While many political leaders in the United States — especially President Barack Obama and his administration and political party — continue to put their deconstruction and political-correctness agenda, masquerading as multiculturalism, political leaders in The Netherlands are reevaluating their own policies.
Many members of the Dutch parliament are working to develop a bill that will change the current problem of integrating immigrants into the mainstream of Dutch society. Home Affairs Minister Piet Donner told parliament as far back as June that "Dutch society and its values must take precedence and integration policy should go."
At that point Donner introduced his integration bill to members of parliament.
Donner described the need for a "change of direction" in which the government "will distance itself from the relativism contained in the model of a multicultural society." Society changes, he said, but must not be "interchangeable with any other form of society", according to Dutch News.

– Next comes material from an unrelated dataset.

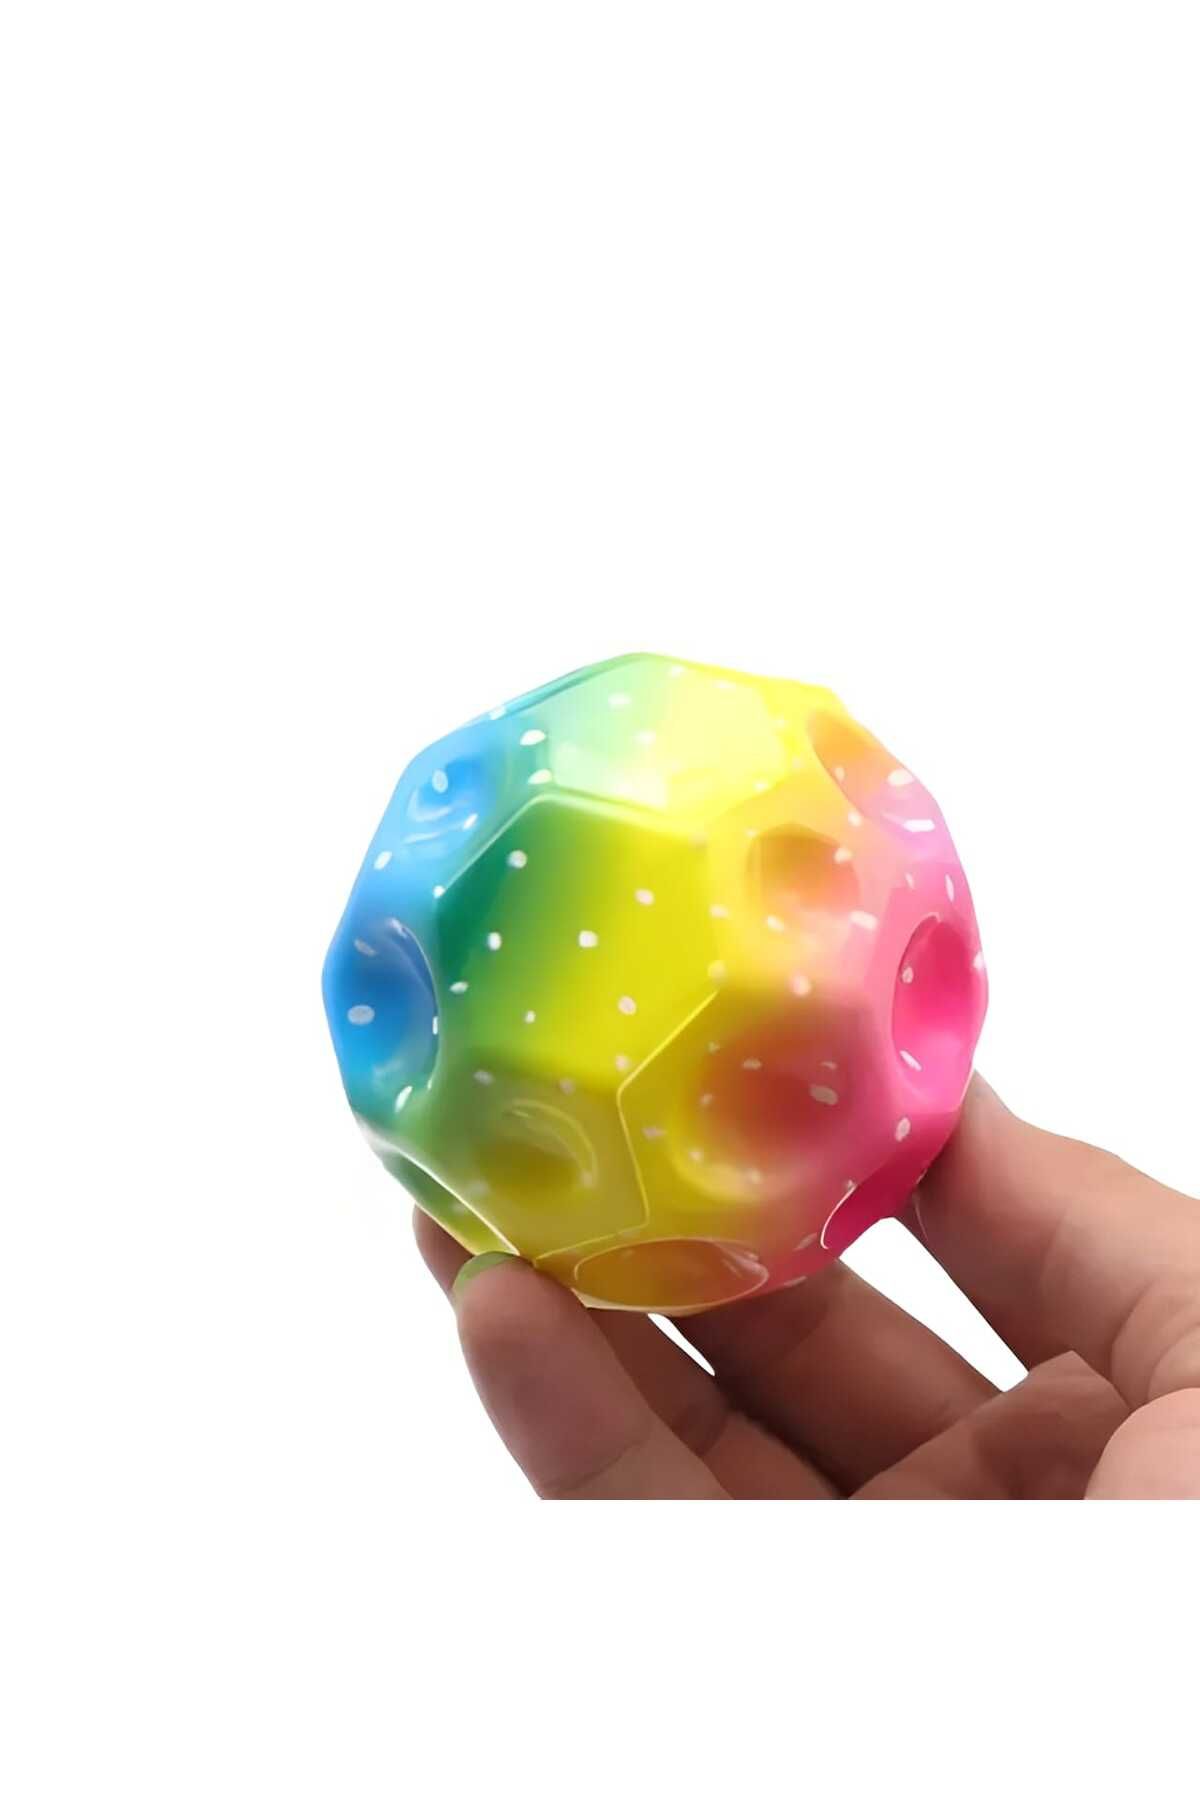 Hisar Yükseğe Zıplayan Delikli Bouncer Ball Süper Uzay Topu 1 Adet gökkuşağı renkleri
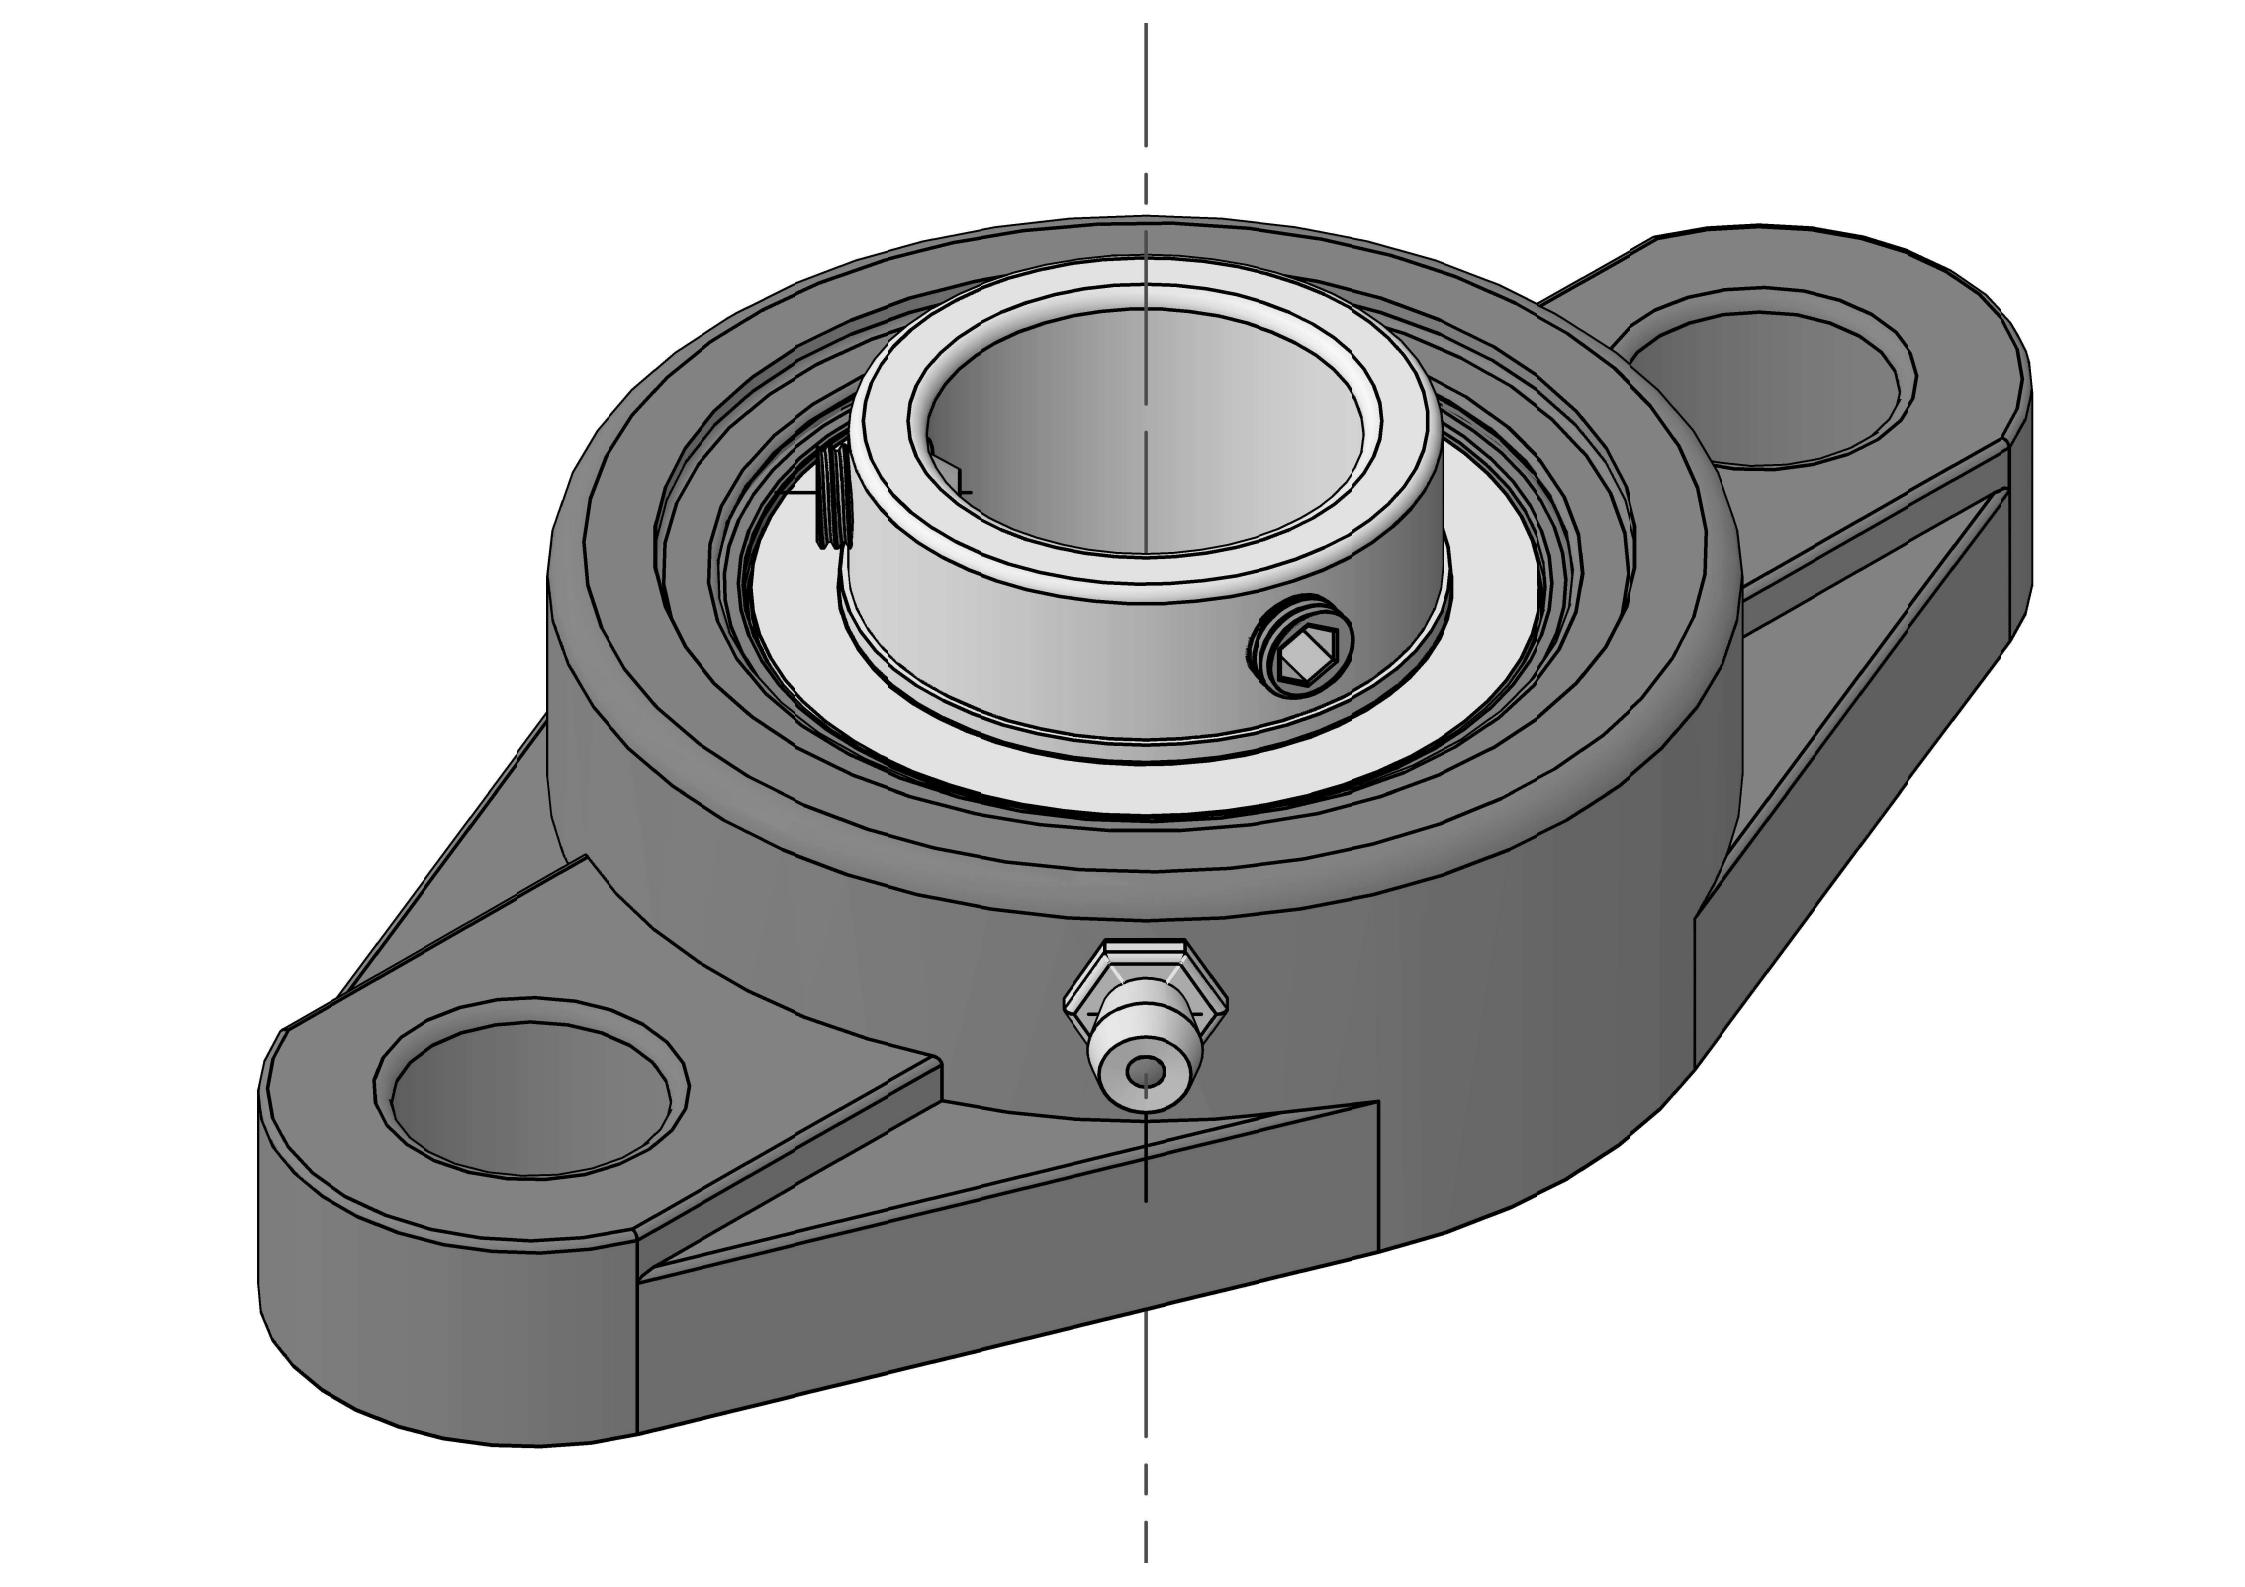 UCFL322 Ležajne jedinice s dva vijka i ovalnom prirubnicom s provrtom od 110 mm

It is not the government’s job to integrate immigrants, Donner told Parliament. "General policy on schooling, jobs and housing gives them ample opportunity for integration."
Donner stated he and a majority of Holland’s citizens want an end to the current integration policy and a tougher approach to people who ignore Dutch values or disobey the law. He is planning to introduce laws making forced marriage illegal and he wants tougher measures for immigrants who lower their chance of employment by the way they dress.
If necessary, the government will introduce extra measures to allow the removal of residence permits from immigrants who fail their integration course, Donner warned.
However, some living in The Netherlands believe Donner’s proposals don’t go far enough.
"Too late [for the Netherlands], I am afraid. But copy Denmark’s immigration laws, and then perhaps you have a chance," said Morten Olesen, who responded to Donner’s speech.
Besides Donner, The Netherlands’ Deputy Prime Minister Maxime Verhagen said in a speech to Christian Democrat Party members that Holland’s native population’s "worries about foreigners are understandable."
"There is unease in Dutch society about wider issues than simply the economy and the Christian Democrat Party should listen more to concerns about the way foreigners are changing the Netherlands, Verhagen is quoted as saying in a leaked copy of the speech.
People are concerned about churches being replaced by mosques, about the fact immigrants don’t integrate and the risk that they will take Dutch jobs, he said in her speech.
Verhagen said he wants to distance himself from populism but that he is not blind to what drives it. "We have to make sure we do not dismiss these concerns as being offensive or unmentionable,’ he will say. ‘Such unease should also be the unease of a people’s party like the Christian Democrats."